Граница вечности - Фоллетт Кен. Страница 11
Валли от неожиданности лишился дара речи, а Каролин сразу ответила:
— Конечно.
— Но победительницей стала подражательница Джоан Баэх, — выпалил Валли, но тут же спохватился: зачем я спорю?
Данни сказал:
— Похоже, что в вашем исполнении готовы слушать не один и не два номера. У вас в репертуаре найдется достаточно песен, чтобы выступить дольше?
Валли опять заколебался, но Каролин снова улучила момент:
— К понедельнику будут, — сказала она.
Вадди вспомнил, что отец собрался не выпускать его из дома по вечерам в течение месяца, и решил не упоминать об этом.
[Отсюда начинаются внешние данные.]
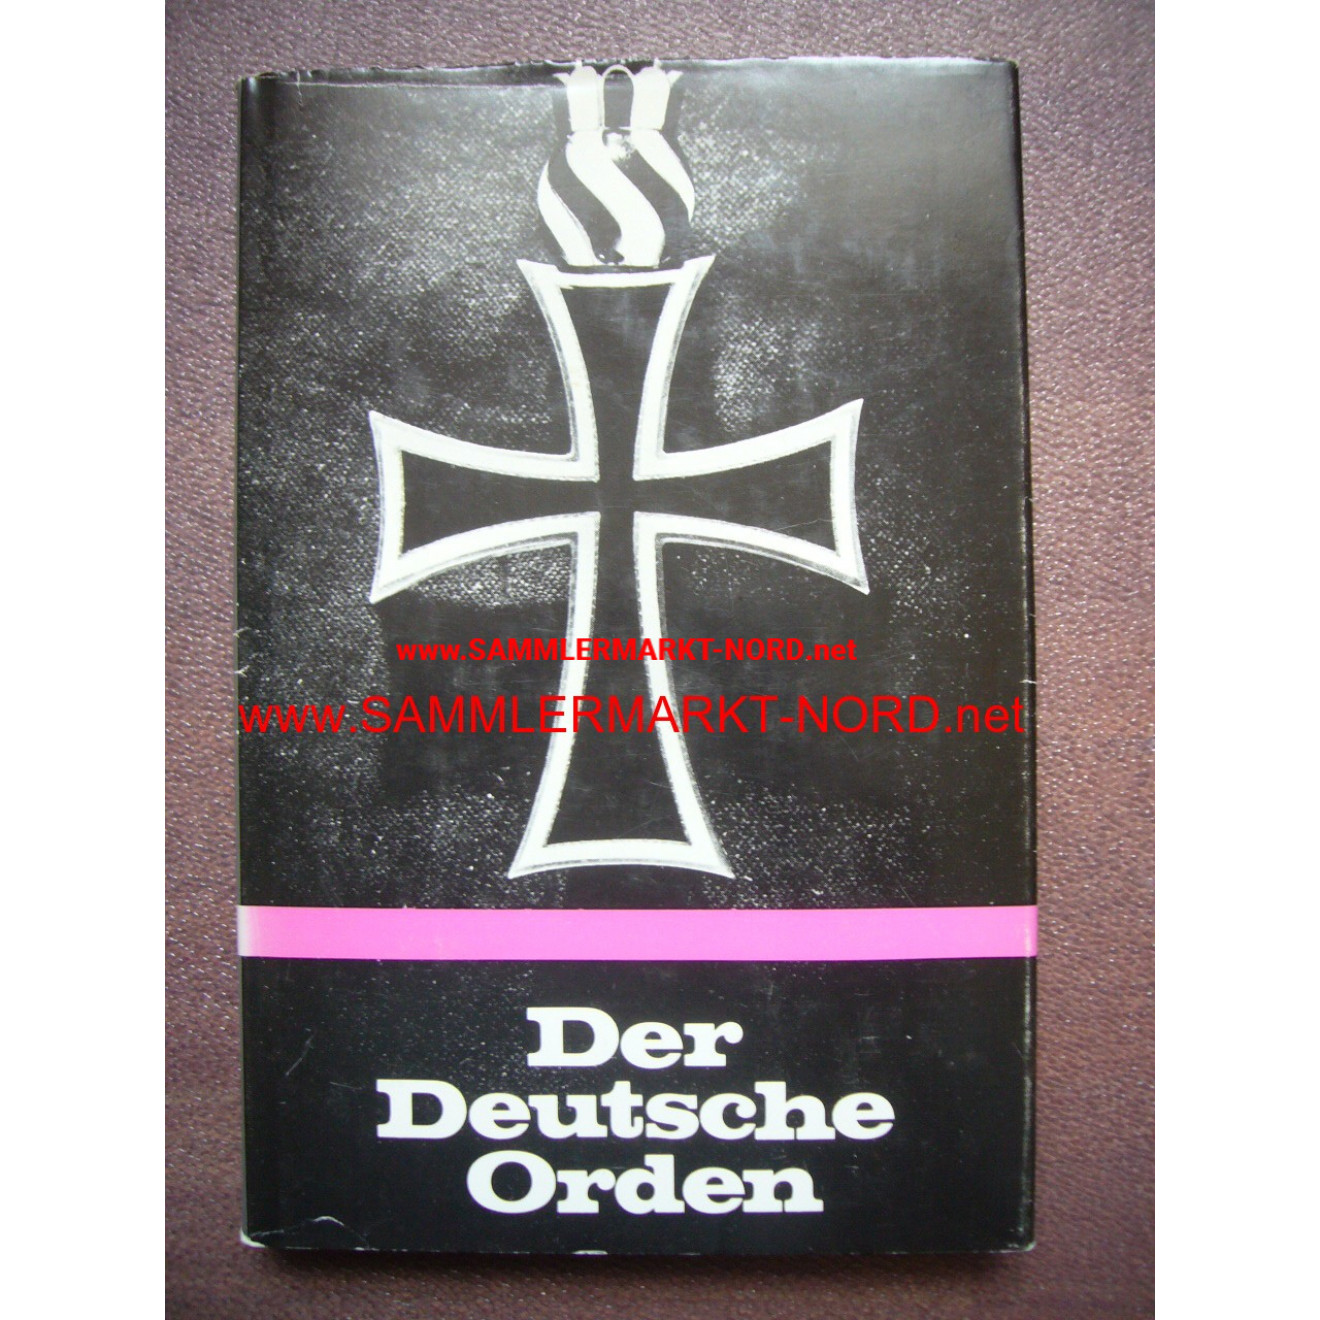 Der Deutsche Orden

— Спасибо, — стал заканчивать разговор Данни. — Вы выйдете в числе первых в восемь тридцать. Будьте здесь к семи тридцати.
В радостном, приподнятом настроении они вышли на освещенную улицу. Валли не представлял, как быть с отцом, но он с оптимизмом думал, что все образуется.
Как оказалось, Каролин тоже жила в Восточном Берлине. Они сели на автобус и стали обсуждать, с какими песнями будут выступать на следующей неделе. Они оба знали много народных песен.
Выйдя из автобуса, они направились в парк. Каролин нахмурилась и сказала:
— За нами кто-то идет.
Валли оглянулся. В тридцати или сорока шагах позади них шел мужчина в кепке и курил.
— И что из того?
— А в «Миннезингере» его не было?
Человек, шедший за ними, старался не встречаться взглядом с Валли, хотя тот какое — то время не спускал с него глаз.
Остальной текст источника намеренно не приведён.